Where this comes from
Roughly half of the most popular ADHD videos online get the facts wrong — researchers actually counted (study published in PLOS One, 2025). So here's the deal: every claim we make has the real science under it, right here. And when a popular ADHD phrase is a nickname rather than a clinical fact, we'll say so — pretending otherwise would just make us part of the problem.
Plain-language up top, the actual papers below. Read what you want.
Claim 1
"You run on dopamine, not discipline."
Starting a boring task isn't a willpower test — it's a fuel problem. ADHD brains show real differences in the dopamine reward pathway, the system that decides whether something feels worth doing before you do it. Make a task new, urgent, or genuinely interesting and the fuel shows up. Same brain, different conditions.
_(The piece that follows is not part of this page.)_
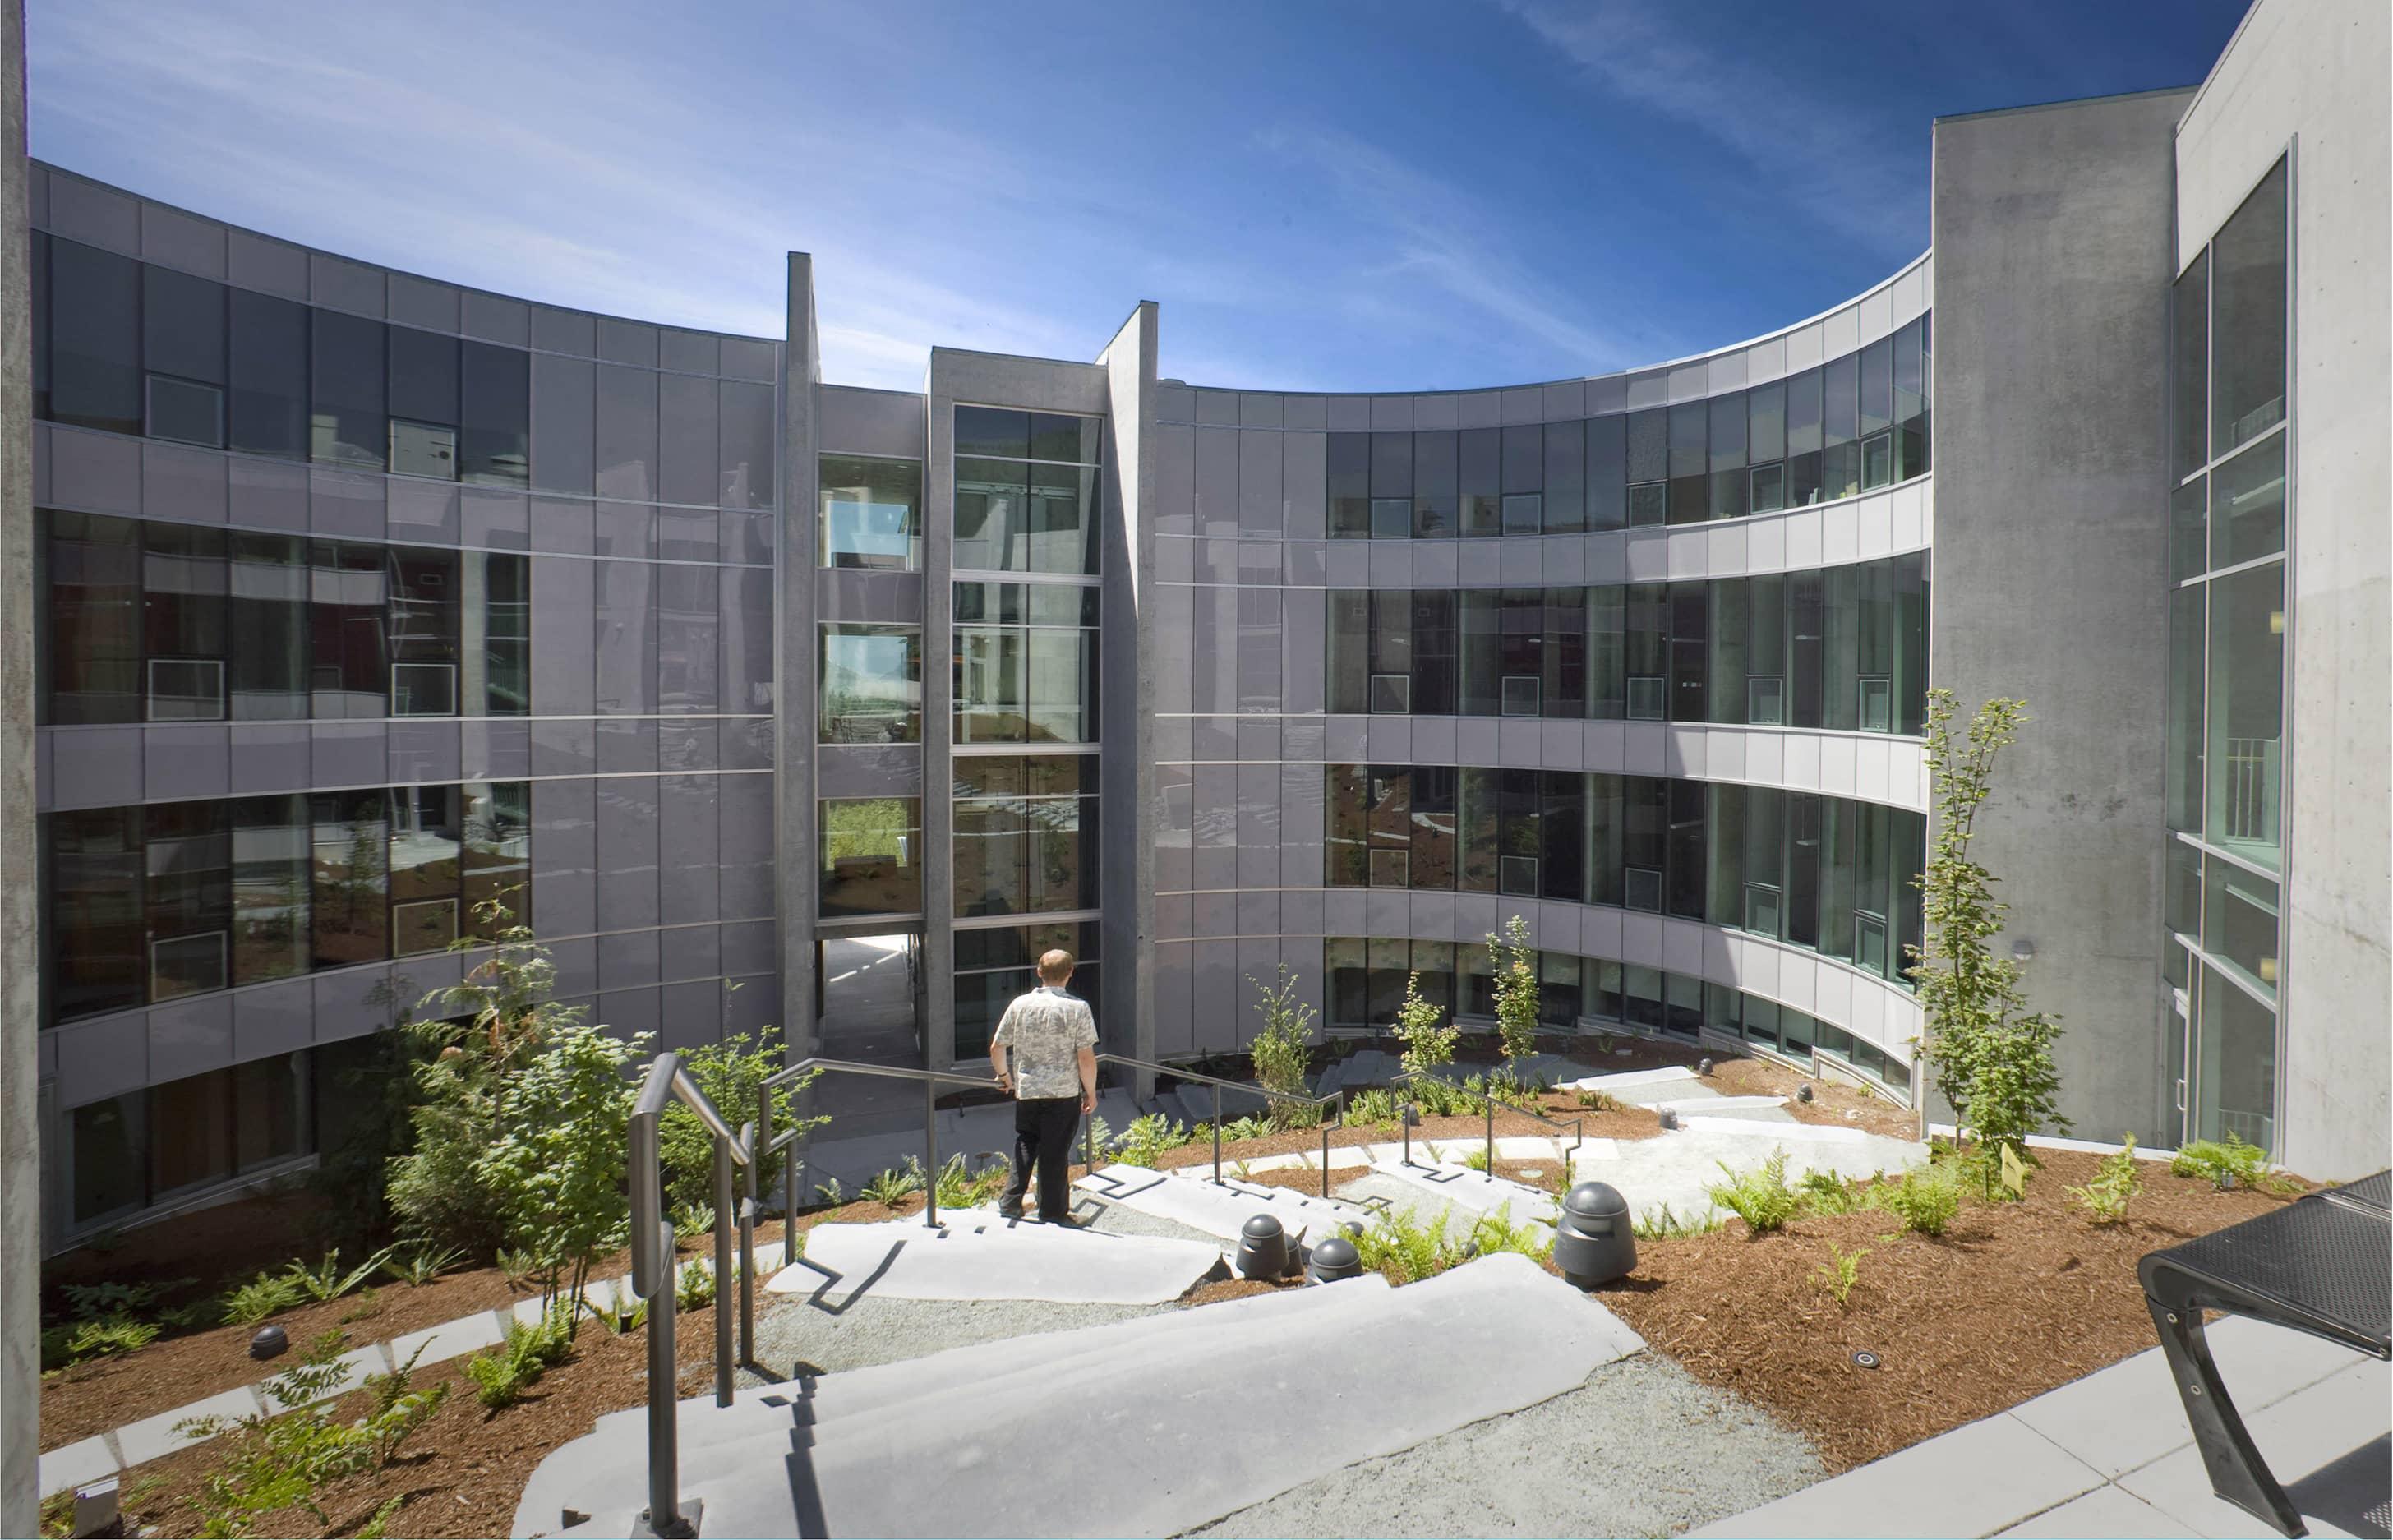 bbp quest university courtyard

- Volkow ND, Wang GJ, Newcorn JH, et al. (2011). "Motivation deficit in ADHD is associated with dysfunction of the dopamine reward pathway." Molecular Psychiatry, 16(11), 1147–1154.
- Volkow ND, Wang GJ, Kollins SH, et al. (2009). "Evaluating Dopamine Reward Pathway in ADHD: Clinical Implications." JAMA, 302(10), 1084–1091.
- Barkley RA (1997). "Behavioral inhibition, sustained attention, and executive functions: Constructing a unifying theory of ADHD." Psychological Bulletin, 121(1), 65–94.
Claim 2
"Out of sight, out of existence."
You don't forget the thing because you don't care. The ADHD brain struggles to hold goals, objects, and plans active in mind — especially the visual ones. The second it leaves your eyeline, it quietly drops off the list. That's why "keep it where you can see it" works so well.
- Martinussen R, Hayden J, Hogg-Johnson S, Tannock R (2005). "A Meta-Analysis of Working Memory Impairments in Children With ADHD." Journal of the American Academy of Child & Adolescent Psychiatry, 44(4), 377–384.
- Barkley RA (1997). Psychological Bulletin, 121(1), 65–94. (working memory as a core executive function in ADHD)
Claim 3
"Time blindness is real."
There are kind of only two times: now and not now. ADHD brains show measurable differences in how they perceive and reproduce time — so an internal clock you can't feel can't be budgeted. The move is to make time external: a timer you can actually watch.
- Noreika V, Falter CM, Rubia K (2013). "Timing deficits in attention-deficit/hyperactivity disorder (ADHD): Evidence from neurocognitive and neuroimaging studies." Neuropsychologia, 51(2), 235–266.
- Barkley RA (1997). ADHD and the Nature of Self-Control. New York: Guilford Press.
Claim 4
"A surprise call can feel like too much."
The freeze when the phone rings isn't rudeness. Two real things stack up: ADHD brains tend toward stronger emotional dysregulation (feelings hit harder and faster), and switching tasks on demand carries a real cognitive cost. A surprise call asks for both at once, with no runway. Texting "can I call you in 10?" gives your brain the runway it needed.
- Shaw P, Stringaris A, Nigg J, Leibenluft E (2014). "Emotion Dysregulation in Attention Deficit Hyperactivity Disorder." American Journal of Psychiatry, 171(3), 276–293.
- Beheshti A, Chavanon ML, Christiansen H (2020). "Emotion dysregulation in adults with ADHD: a meta-analysis." BMC Psychiatry, 20, 120.
- Cepeda NJ, Cepeda ML, Kramer AF (2000). "Task Switching and Attention Deficit Hyperactivity Disorder." Journal of Abnormal Child Psychology, 28(3). (the switching-cost piece)
- Dodson W. "Rejection Sensitive Dysphoria and ADHD," ADDitude — cited as the origin of the popular term, not as peer-reviewed research.
Claim 5
"Body doubling — you need a witness, not help."
Can't start the thing, even though it's right there? Having another person simply present — on a call, in the room, doing their own thing — often gets you moving. It's one of the most reliable tricks ADHD folks pass around.
- Zajonc RB (1965). "Social Facilitation." Science, 149(3681), 269–274. (the established mechanism nearest to body doubling)
- Emerging human-computer-interaction work on body doubling for ADHD exists in preprint / design-study form — promising, but not yet peer-reviewed efficacy trials. We'll add specific studies here as solid ones land.
How we handle sources
We link the real research, in human words. When a popular ADHD term is a nickname, we flag it. When the evidence is thin, we say "thin" instead of faking certainty. And if we get something wrong, tell us — hello@vivaadhd.com — and we'll fix it here.
Viva is educational, not medical advice — Viva's a squirrel, not a doctor. This is the science of how ADHD brains tend to work, plus what helps. If you're struggling, a real clinician is worth it.